Molecular Genetics

Question 0

Define genetic linkage

Answer 0

The tendency of genes that are located proximal to each other on a chromosome to be inherited together during meiosis. Therefore, genes that are very close are more likely to be inherited together = genetically linked.

Question 1

What is Hybridization in microarrays?

Answer 1

Sequence specific interaction between complementary strands of nucleic acids

Question 2

Linkage mapping?

Answer 2

Map based on the frequencies of recombination during crossover of homologous chromosomes. Can locate genes by testing genetic linkage between two already known markers.

Question 3

What is LOD score?

Answer 3

Compares likelihood of getting data as a result of loci that are linked to getting the same data purely by chance.

Question 4

Recombination frequency

Answer 4

The frequency at which a single chromosome crossover will happen between two genes during meiosis.

Question 5

Centimorgan?

Answer 5

Unit that describes the recombination frequency of 1%

Question 6

Reason for cytogenetic referral

Answer 6

Congenital abnormality 
Fam hx
Abnormal ultrasound
Known translocation carrier
Recurrent miscarriage 
Advanced maternal age
Intellectual disability

Question 7

Limitations of cytogenetics

Answer 7

Labour intensive
Only large abnormalities
Trained staff needed

Question 8

What phase are chromosomes in when karyotyped

Answer 8

Metaphase

Question 9

Three classes of chromosomes

Answer 9

Metacentric - centromere in middle
Submetacentric - centromere off centre
Acrocentric - centromere at end

Question 10

Euploid

Answer 10

Any exact multiple of chromosome

Question 11

Aneuploid

Answer 11

Extra copy of absence of a chromosome

Question 12

Non-disjunction

Answer 12

Failure of chromosome to separate normally during cell division.
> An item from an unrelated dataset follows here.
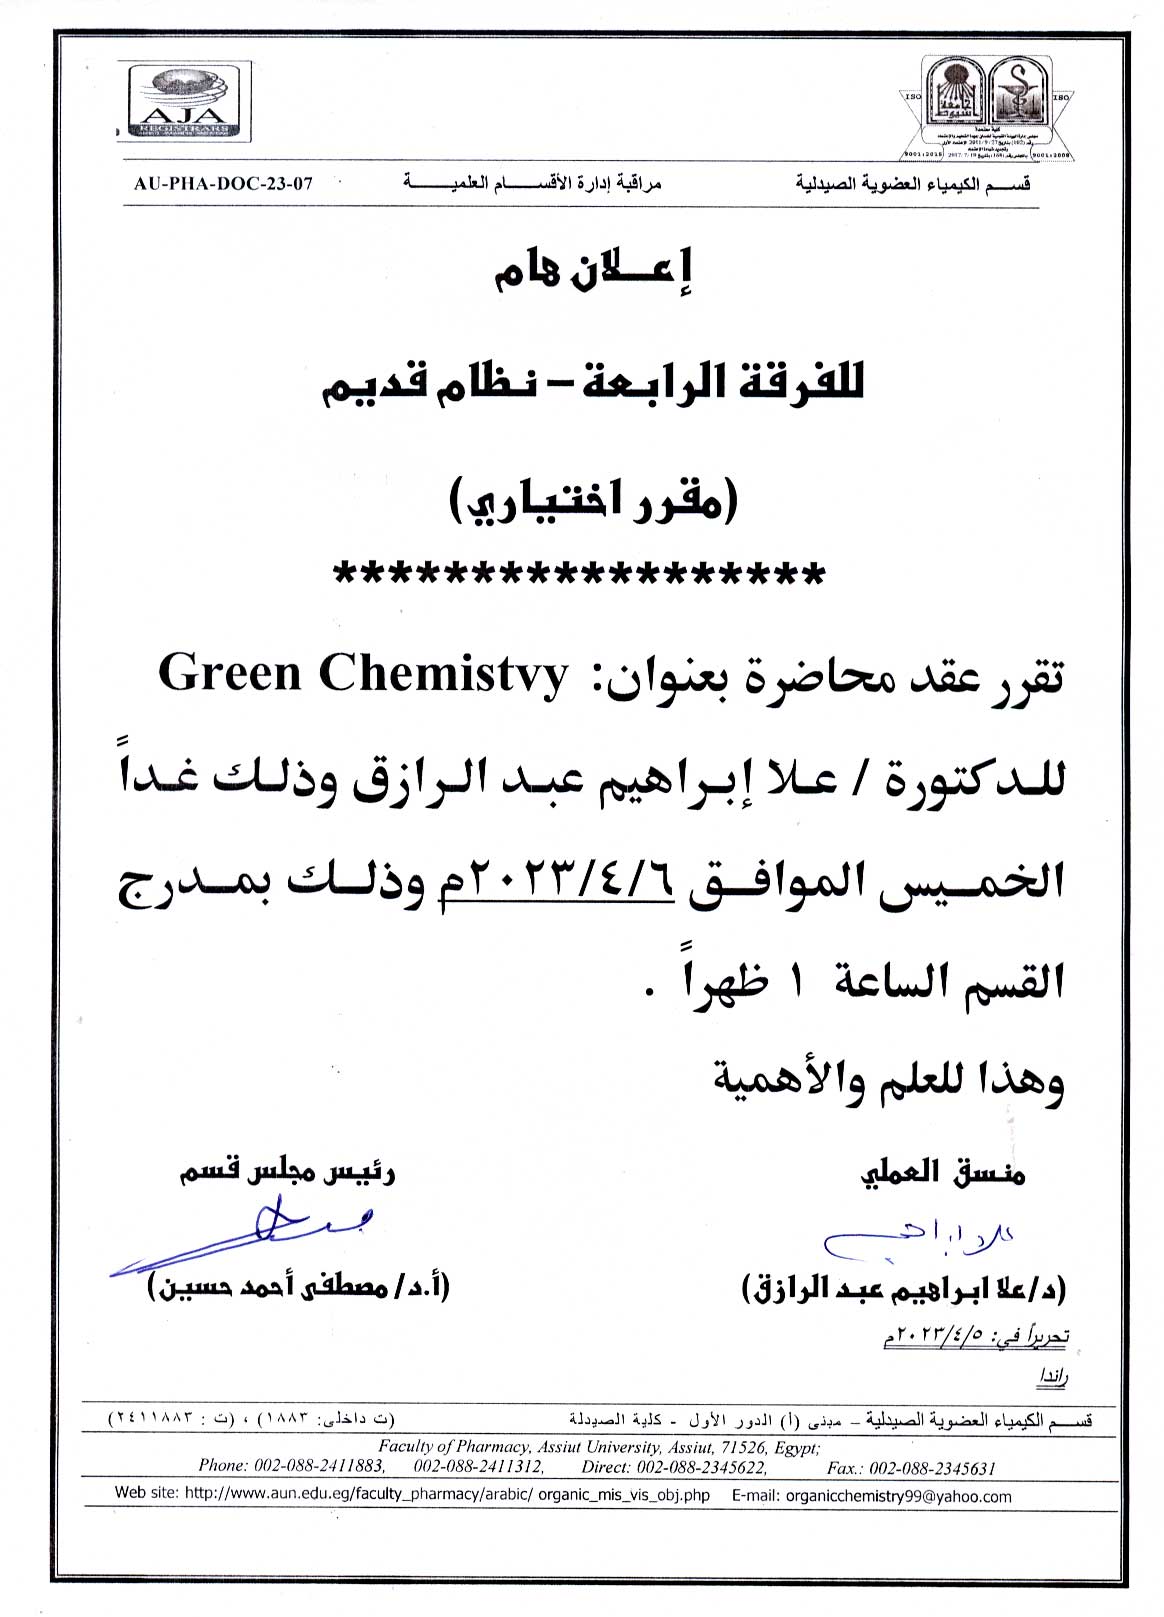 اعلان هام للفرقة الرابعة قديم (مقرر اختياري) تقرر عقد محاضرة بعنوان "Green Chemistvy" وذلك يوم الخميس 6 أبريل 2023م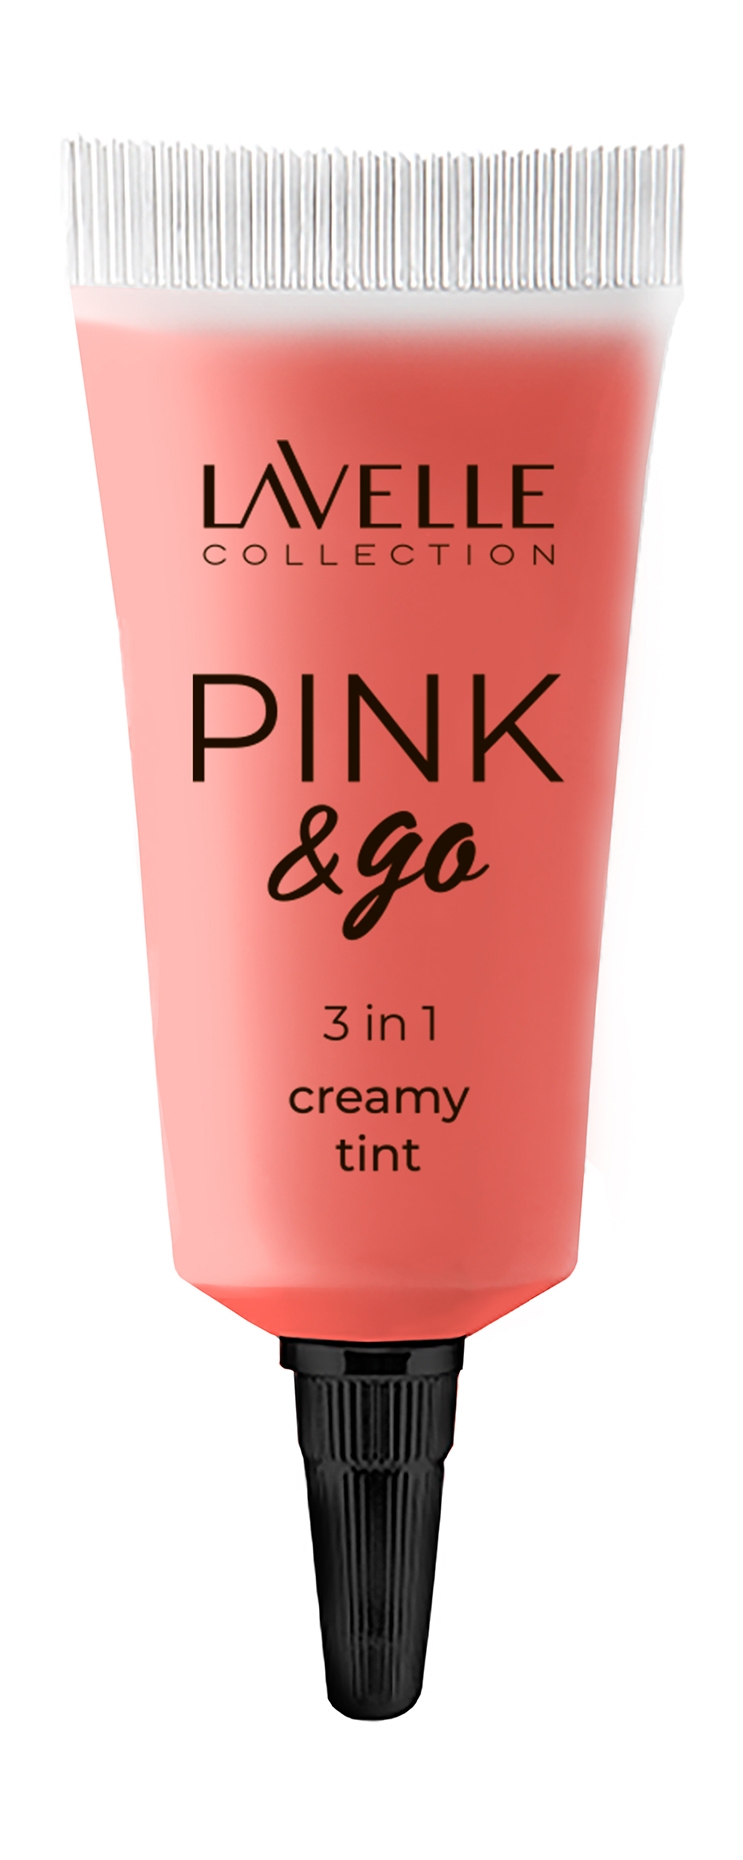 Тинт для губ и лица Lavelle Collection Pink & Go 3-in-1 Creamy Tint тон № 02 7 мл lavelle collection кремовый стик для макияжа лица highlighter холодный розовый

Results in aneuploidy. More often maternal. Spindle centromere attachment error. Increase with maternal age.

Question 13

Trisomy 21

Answer 13

Downs syndrome

Question 14

Trisomy 18

Answer 14

Edward’s syndrome

Question 15

Trisomy 13

Answer 15

Patau syndrome

Question 16

45, X

Answer 16

Turner syndrome

Question 17

47, XXY

Answer 17

Klinefelter syndrome

Question 18

3 aetiologies of Down’s syndrome

Answer 18

Extra chromosome 21
Robertsonian translocation
Mosaic trisomy

Question 19

Six main chromosomal structural abnormalities

Answer 19

Deletion
Ring chromosome
Duplication
Isochromsome
Inversion
Translocation

Question 20

Two types of chromosome deletion

Answer 20

Terminal

Interstitial

Question 21

Isochrome?

Answer 21

Loss of one arm with duplication of the other.

Question 22

Inversion. Define and types

Answer 22

Two breaks in chromosome and fragment rotates.
Pericentric - involves both arms
Paracentric - involves only one arm

Question 23

Types of translocation

Answer 23

Reciprocal - break in two unrelated chromosomes, exchange of broken segments.
Robertsonian - two acrocentric chromosomes joined.

Question 24

Aneuploidy arises from..

Answer 24

Non-disjunction

Anaphase lag

Question 25

Uses of aneuploidy FISH

Answer 25

Test chromosomes 13, 18, 21, X and Y
Does not require cell culture
TAT of 1 or 2 days

Question 26

Limitations of FISH

Answer 26

Expensive, only test certain chromosomes
Lead patients into false sense of security
Cannot eliminate maternal contamination
Need good cell quality

Question 27

Advantages of QF-PCR over FISH

Answer 27

Cheaper, quicker, fewer cells, eliminate maternal contamination.

Question 28

Common micro deletion diseases

Answer 28

Do George 22
Prader Willi 15
Angelman 15
Miller Dieker 17
Williams 7

Question 29

What probes does FISH use when look for acquired haematological conditions

Answer 29

Break apart probes

Question 30

Synchronized culture

Answer 30

Block frolic acid pathway with methotrexate. Cell stay at G1/S. release with Thymidine. Cells go to G2. Harvest and stain.